Lamps in the Night

In the winter of 1984, a Union Carbide pesticide plant in Bhopal, India malfunctioned in the morning darkness.  Poor maintenance and disabled safety systems took a savage toll as a cloud of toxic gas blanketed a sleeping city.  More than 2,000 nearby slum-dwellers never woke up in their shacks. And a further 510,000 who survived, many of them young children and women, suffered life-long debilitating injuries.  The aftermath of foot-dragging in the courts and corporate indifference added disgrace to the calamity.

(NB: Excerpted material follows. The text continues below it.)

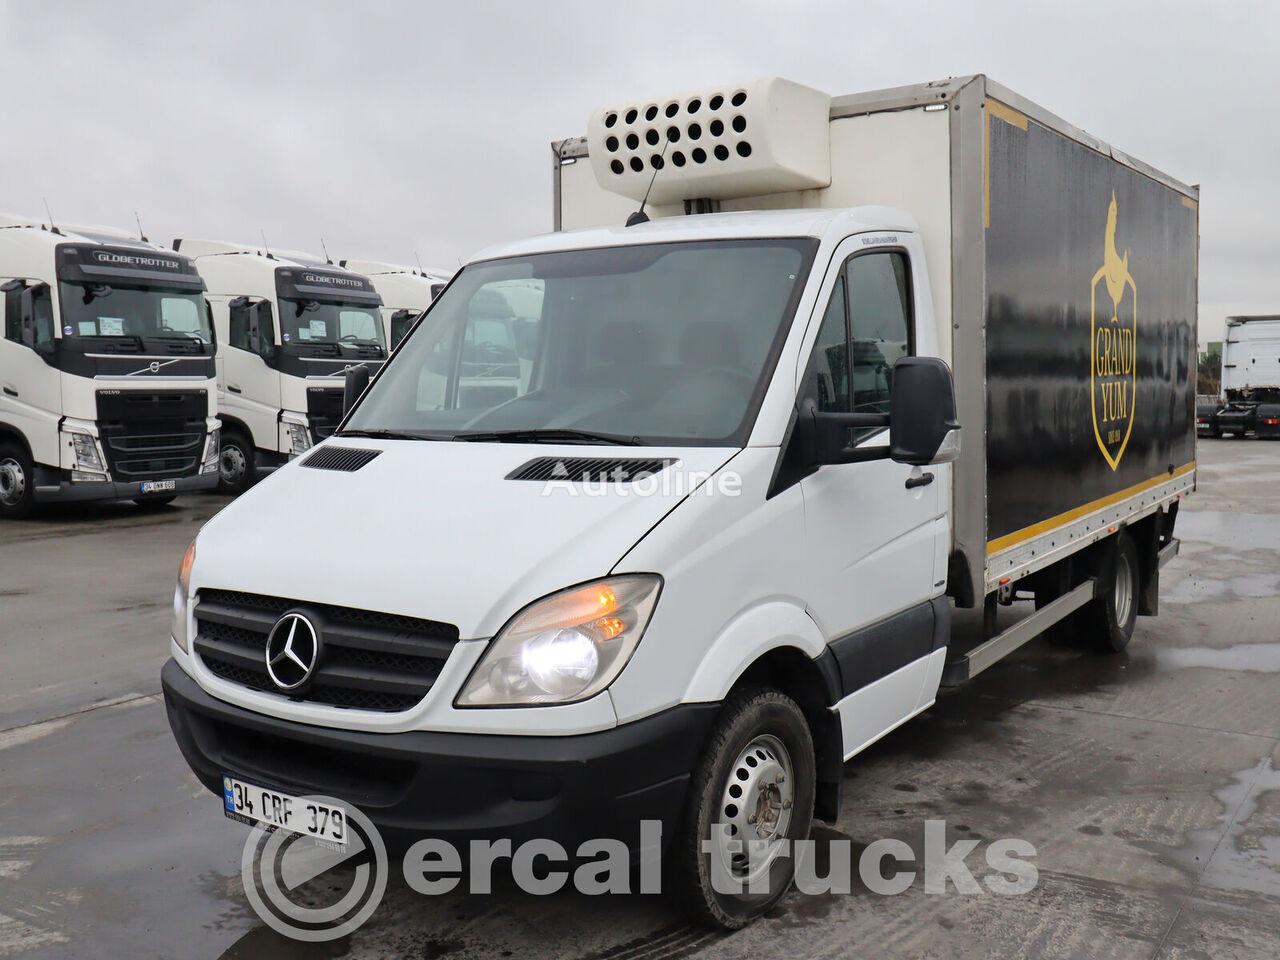 MERCEDES-BENZ SPRINTER 516 refrigerated truck < 3.5t

An appalling miscarriage of humanity at every level.

 

A year later, a cross-country train journey took our family through the city one chilly night.  As we neared the otherwise darkened outskirts of town we could see everywhere the flickering oil lamps (called ‘dia’ in Hindi) marking Divali, the Indian festival of lights.  As the train clattered into and through this arresting vision, one could imagine the still grieving families carefully filling the clay lamps with mustard oil, lighting the cotton wicks and setting them around humble dwellings.

 

Diya  

 

It was to me a rare order of celebration knowing what lay in the city’s recent past: the soft flames set out in the night defying lament and darkness. A priceless sign. Albert Camus once struck upon just such a truth, recognizing it as “the endless summer” that lies unsullied at the bottom of the human heart.

 

A Jewish poet pictured it long ago:

 

Though the fig tree do not blossom,

and no fruit be on the vines;

though the produce of the olive fail

and the fields yield no food;

though the flock be cut off from the fold,

and there be no herd in the stalls,

yet I will rejoice in the Lord.

 

Let the ‘dias’ be set out in defiant profusion whatever the darkness.  They will yet banish the shadows.